# Step 2. Classifying the article data by objectivity by leveraging Chat GPT API
Based on the following criteria:

1. A sentence is subjective if it expressess  personal opinionins, sarcasm, exhortations, discrimnatory remarks, or rhetorical figures.
2. All other sentences should be considered objective, including third-party opinions, when referenced as such, and non-conclusive comments
---



**Section 1:** Importing the right resources

In [153]:
import pandas as pd
import numpy as np
import nltk
import re


In [154]:
!pip install openai



In [155]:
nltk.download('punkt')

[nltk_data] Downloading package punkt to /root/nltk_data...
[nltk_data]   Package punkt is already up-to-date!


True

In [35]:
from nltk.tokenize import sent_tokenize

In [36]:
#import openai library
import openai
from openai import OpenAI

#declare the api key for this project
client = OpenAI(api_key='sk-proj-PIAJbNhCs1okjwAXhk3UT3BlbkFJuRarqI6gVB1BsjWbdegw')

#testing response
completion = client.chat.completions.create(
  model="gpt-4o",
  messages=[
    {"role": "user", "content": "Please confirm succesful connection"}
  ]
)
response = completion.choices[0].message.content

print(response)

Connection successful! How can I assist you today?


In [37]:
#connect to google drive
from google.colab import drive
drive.mount('/content/drive')

Drive already mounted at /content/drive; to attempt to forcibly remount, call drive.mount("/content/drive", force_remount=True).


In [134]:
df = pd.read_csv('/content/drive/My Drive/266 Natural language processing/NLP Project/initial_data.csv')

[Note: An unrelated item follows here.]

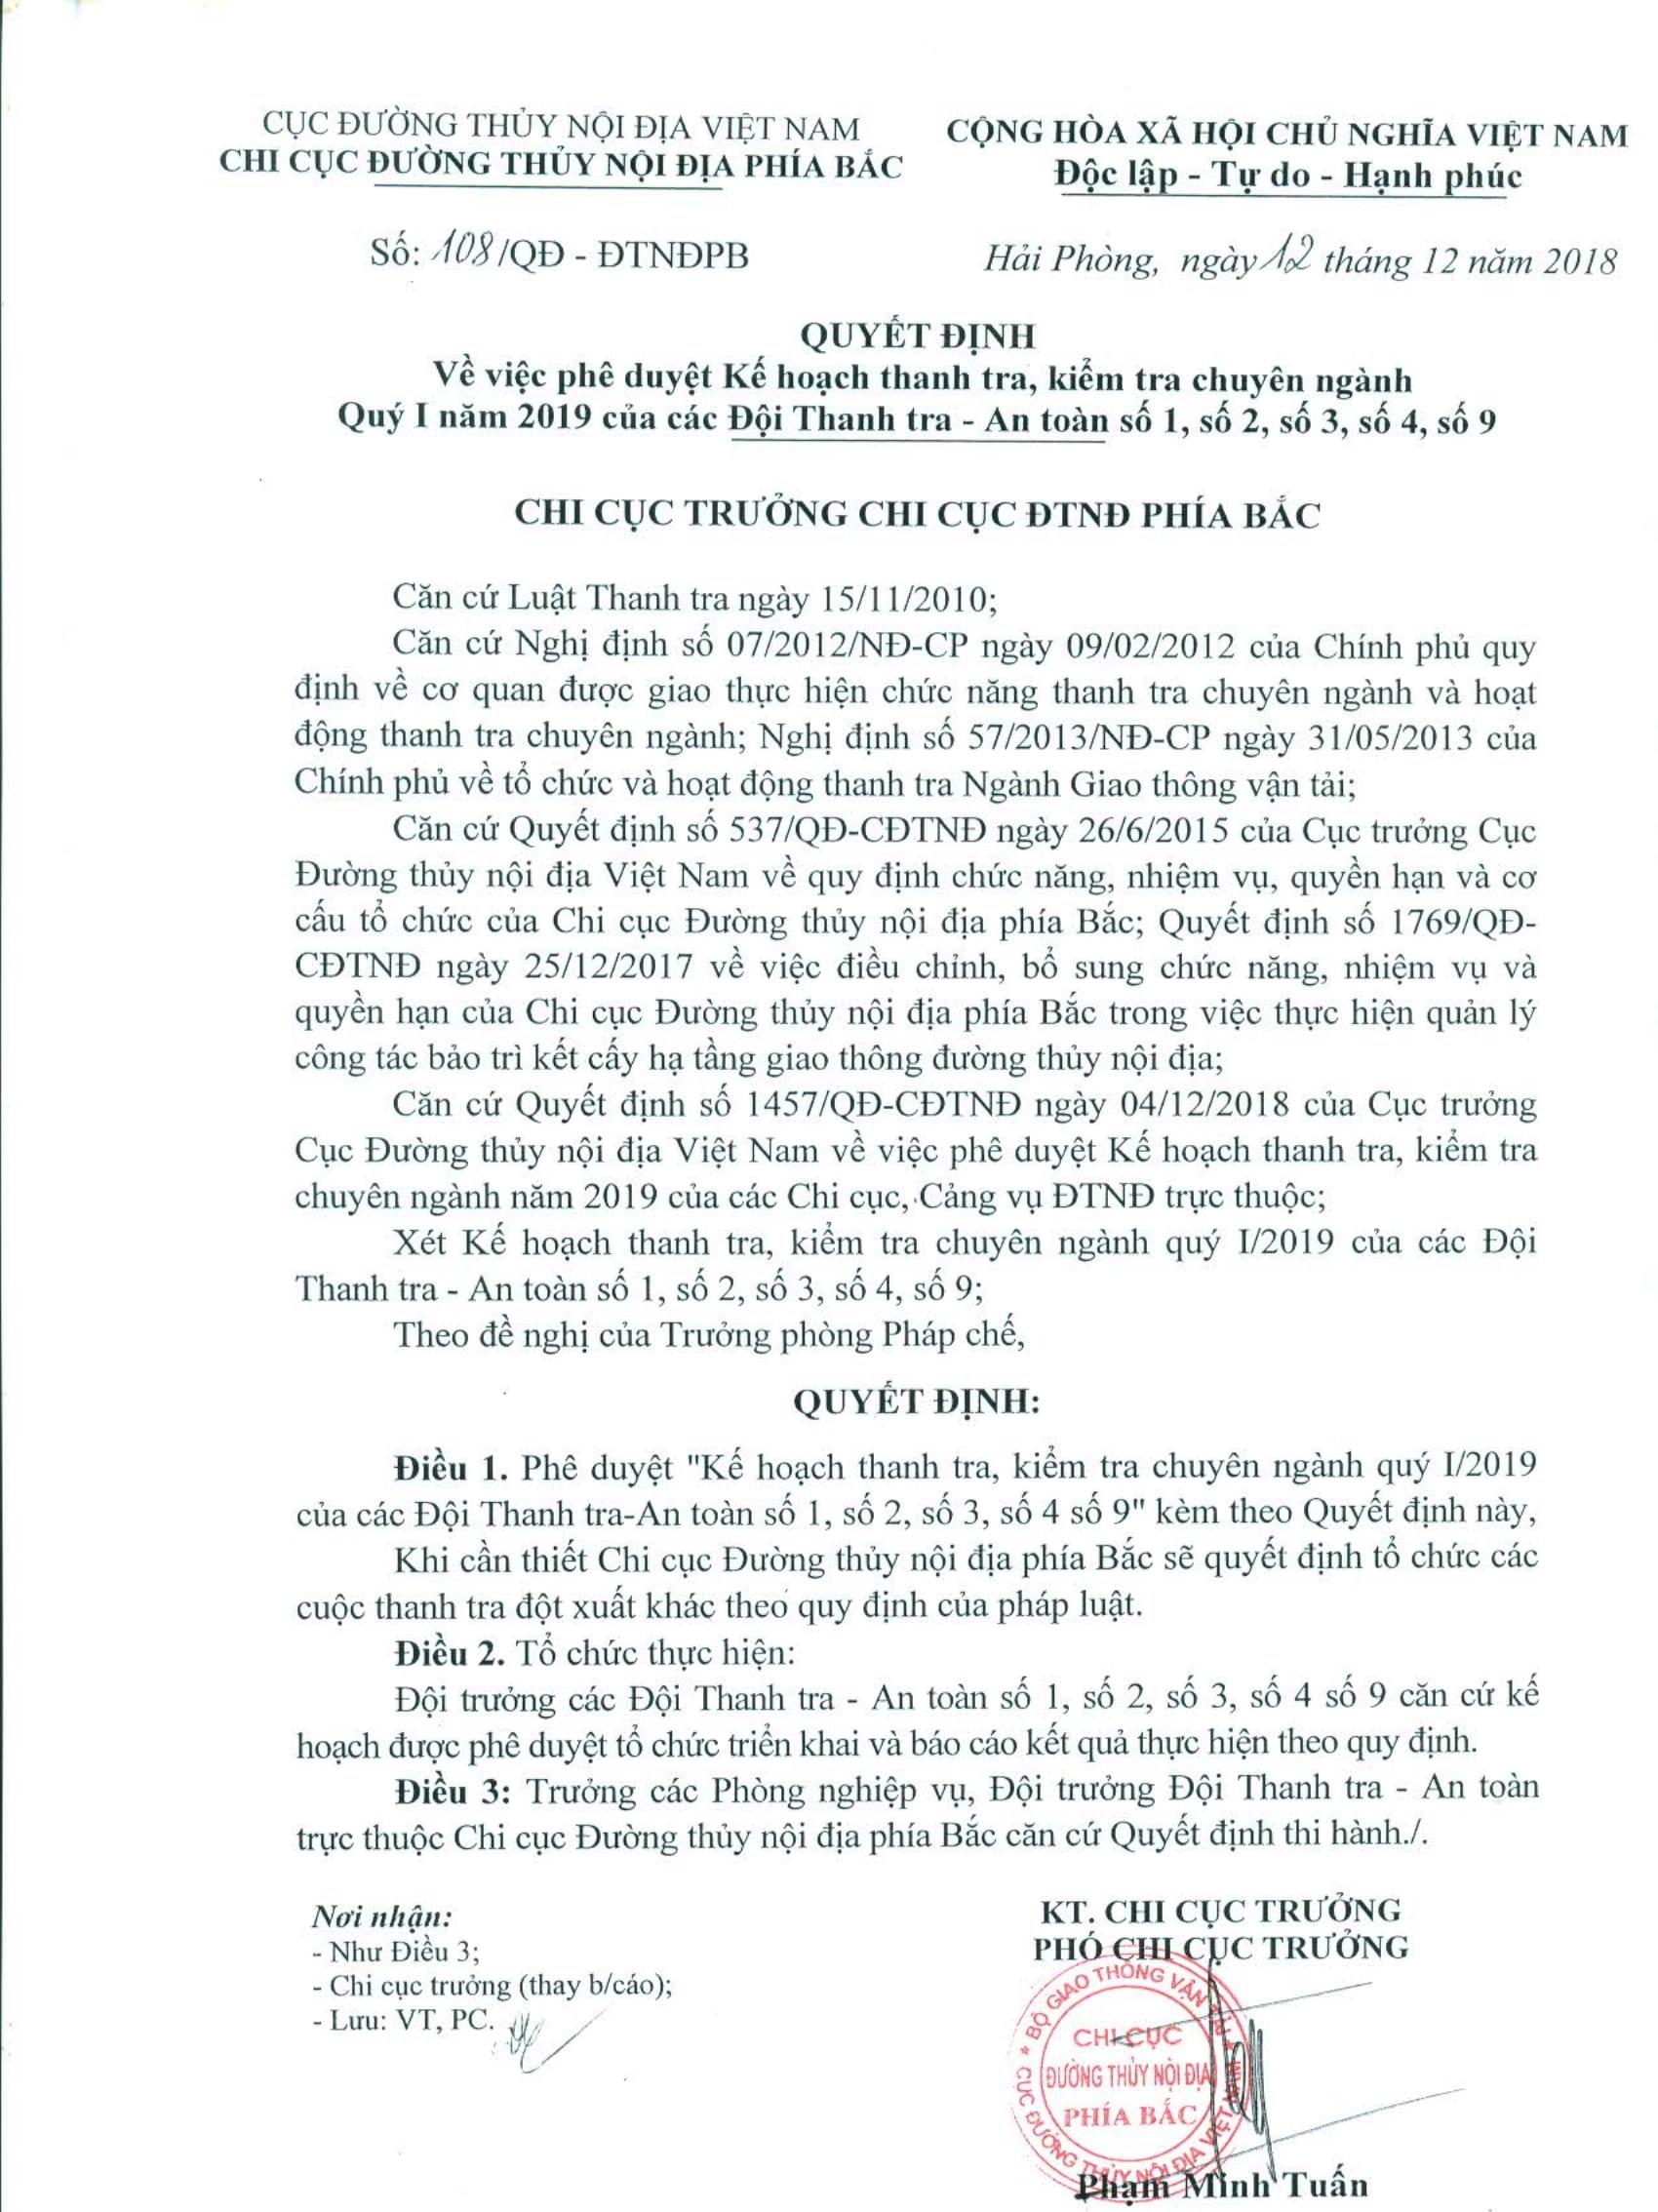 Quyết Định 108 phê duyệt Kế hoạch thanh tra Quý I.2019-01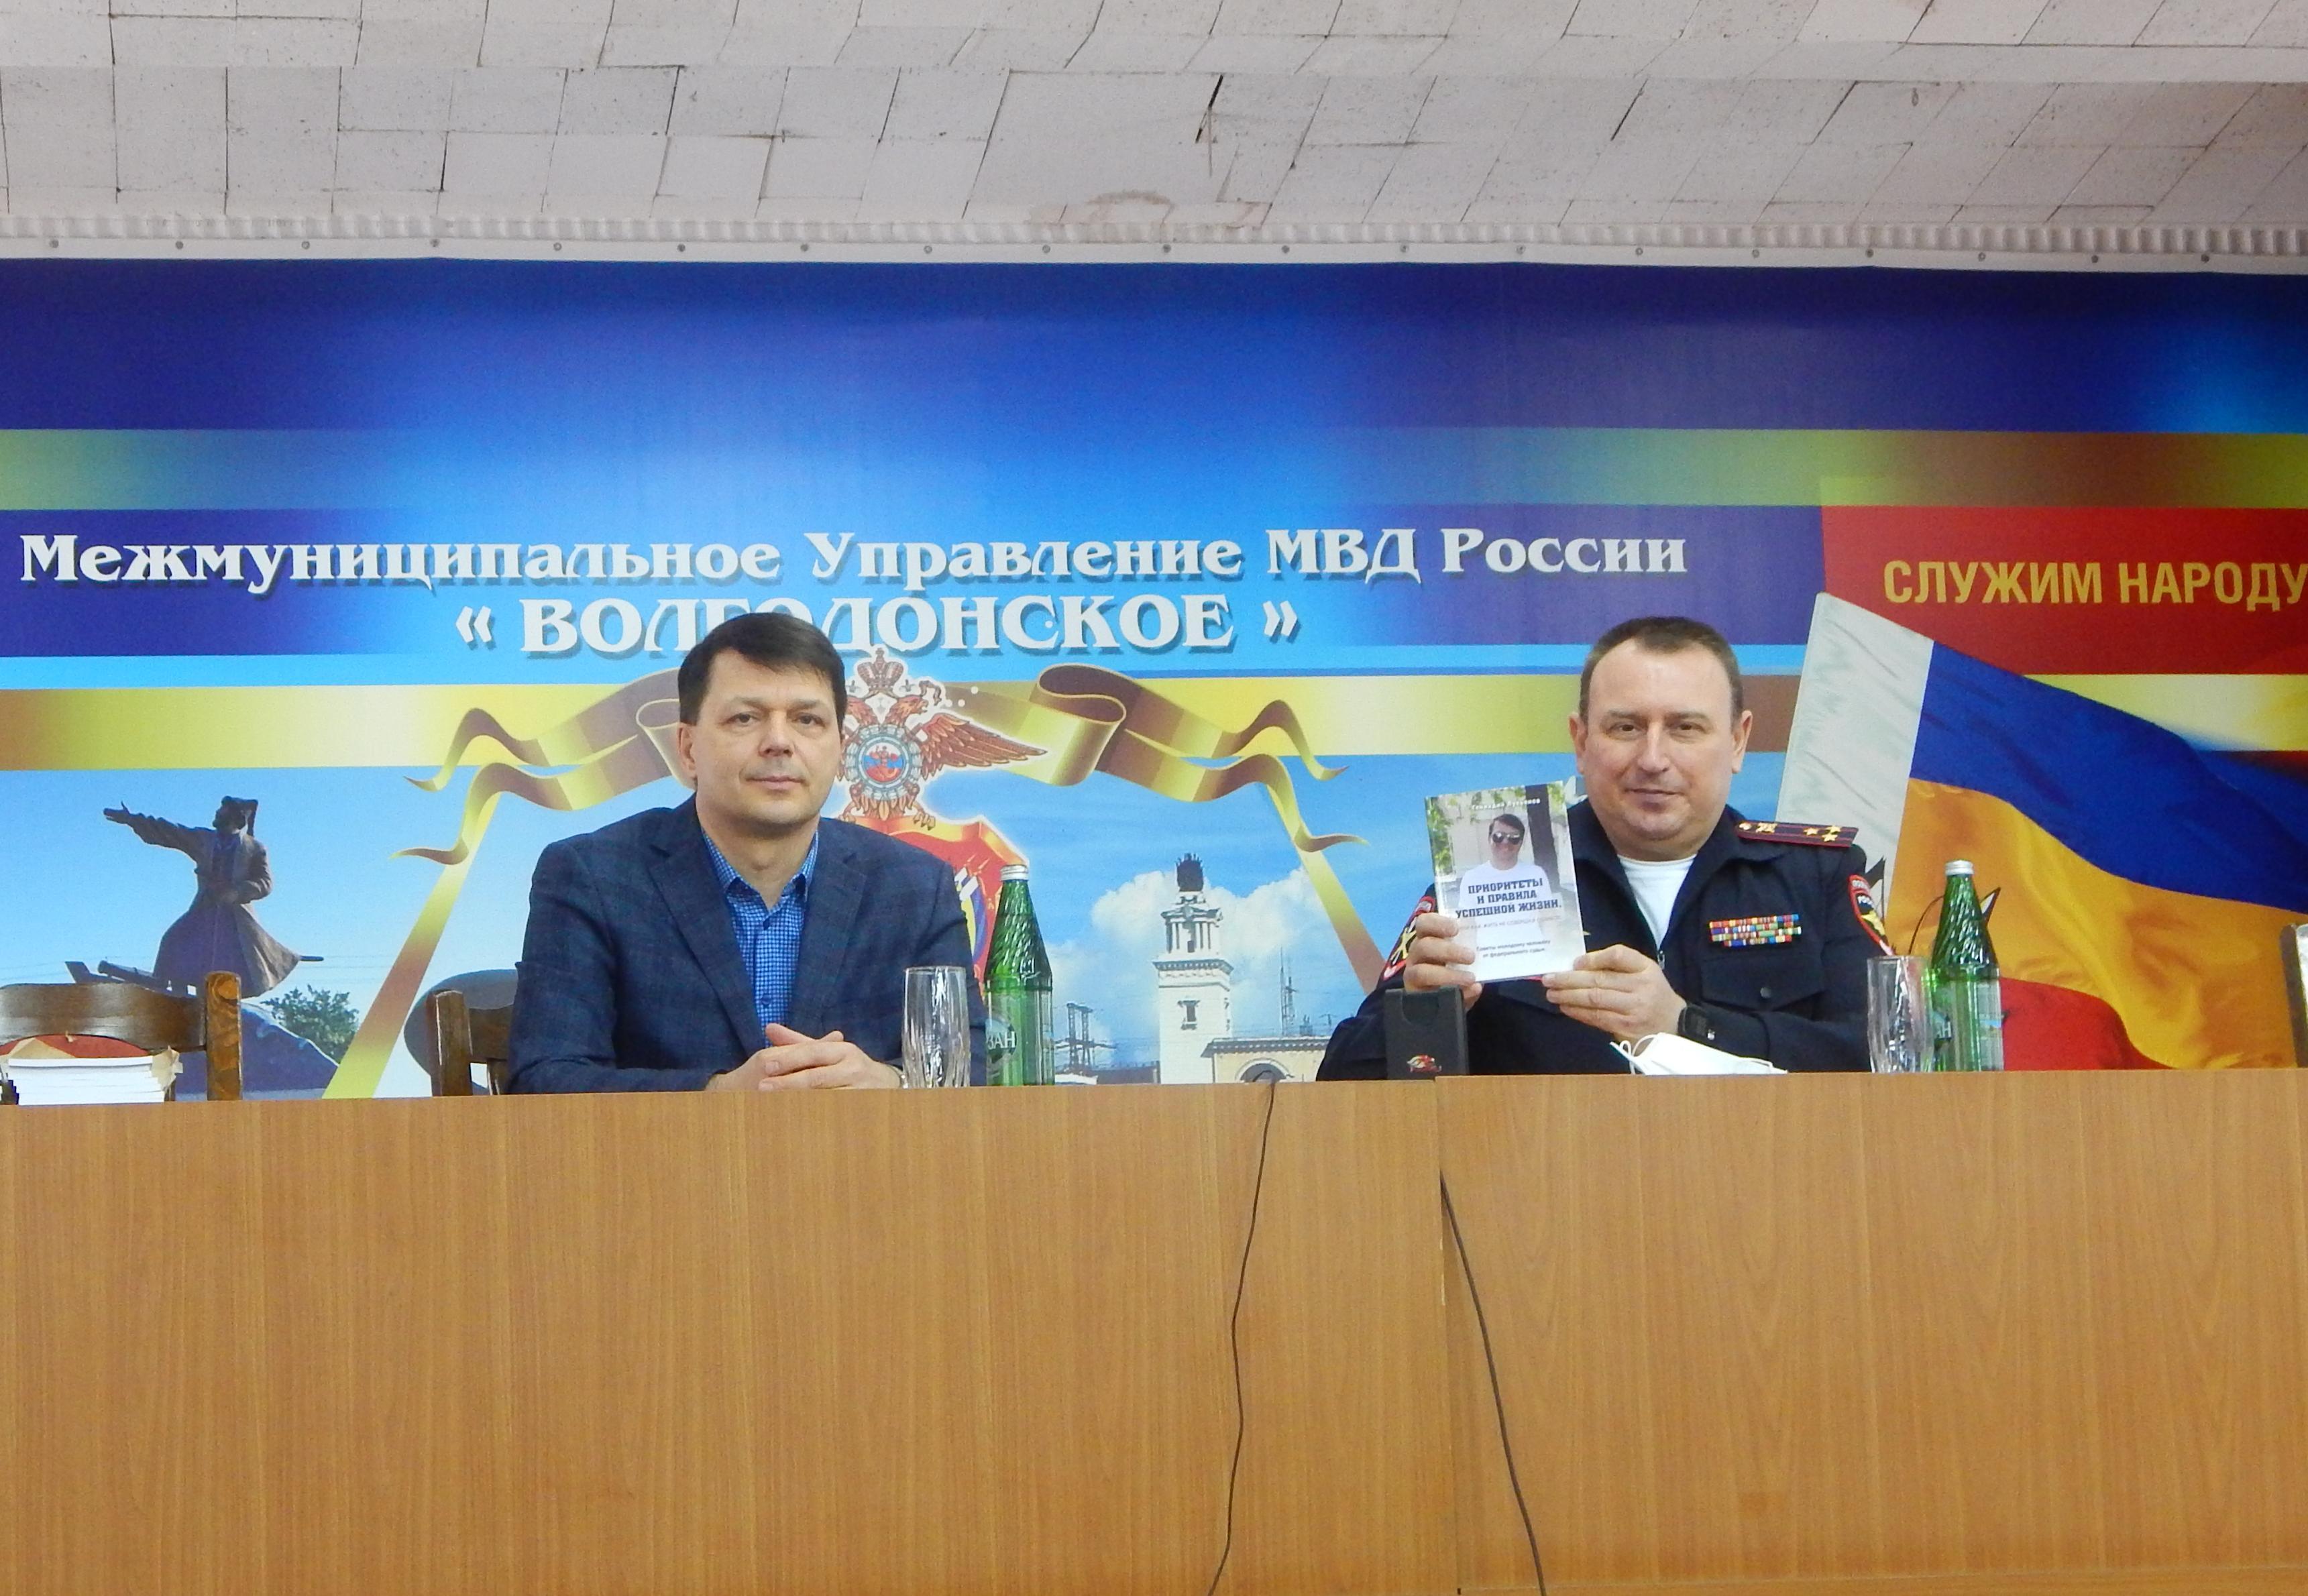 В МУ МВД России «Волгодонское» прошла презентация книги ветерана органов внутренних дел

**Section 2:** Loading the unlabeled dataset created during step 1

In [135]:
# print size of dataframe
df.shape

(200, 11)

In [136]:
# print first 5 examples in dataframe
df.head()

Unnamed: 0.1,Unnamed: 0,date,year,month,day,author,title,article,url,section,publication
0,0,2018-07-09 00:00:00,2018,7.0,9,Associated Press,Rescuers look through mud for Japan flood vict...,\n next\n Image 1 of 2 \n ...,https://www.foxnews.com/world/rescuers-look-th...,World,Fox News
1,1,2018-07-10 00:00:00,2018,7.0,10,Ryan Gaydos,Australian rangers trap gigantic saltwater cro...,"\n A 15-foot, 1,300-pound saltwater c...",https://www.foxnews.com/world/australian-range...,Reptiles,Fox News
2,2,2018-08-01 00:00:00,2018,8.0,1,John Stossel,John Stossel: Are looney liberals and smug cel...,\n While restaurant leaders reportedl...,https://www.foxnews.com/opinion/john-stossel-a...,OPINION,Fox News
3,3,2018-05-15 00:00:00,2018,5.0,15,Associated Press,"UN peacekeeping force to stay, but shrink, in ...",UNITED NATIONS – U.N. peacekeepers will remai...,https://www.foxnews.com/world/un-peacekeeping-...,World,Fox News
4,4,2018-05-17 00:00:00,2018,5.0,17,Associated Press,Trump tells NK's Kim to denuclearize or risk o...,close Video Trump contradicts John Bolton on N...,https://www.foxnews.com/us/trump-tells-nks-kim...,MILITARY,Fox News


In [137]:
# create new df with article author, title, and article contents
df_new = df[['author', 'title','article']]
df_new.head()

Unnamed: 0,author,title,article
0,Associated Press,Rescuers look through mud for Japan flood vict...,\n next\n Image 1 of 2 \n ...
1,Ryan Gaydos,Australian rangers trap gigantic saltwater cro...,"\n A 15-foot, 1,300-pound saltwater c..."
2,John Stossel,John Stossel: Are looney liberals and smug cel...,\n While restaurant leaders reportedl...
3,Associated Press,"UN peacekeeping force to stay, but shrink, in ...",UNITED NATIONS – U.N. peacekeepers will remai...
4,Associated Press,Trump tells NK's Kim to denuclearize or risk o...,close Video Trump contradicts John Bolton on N...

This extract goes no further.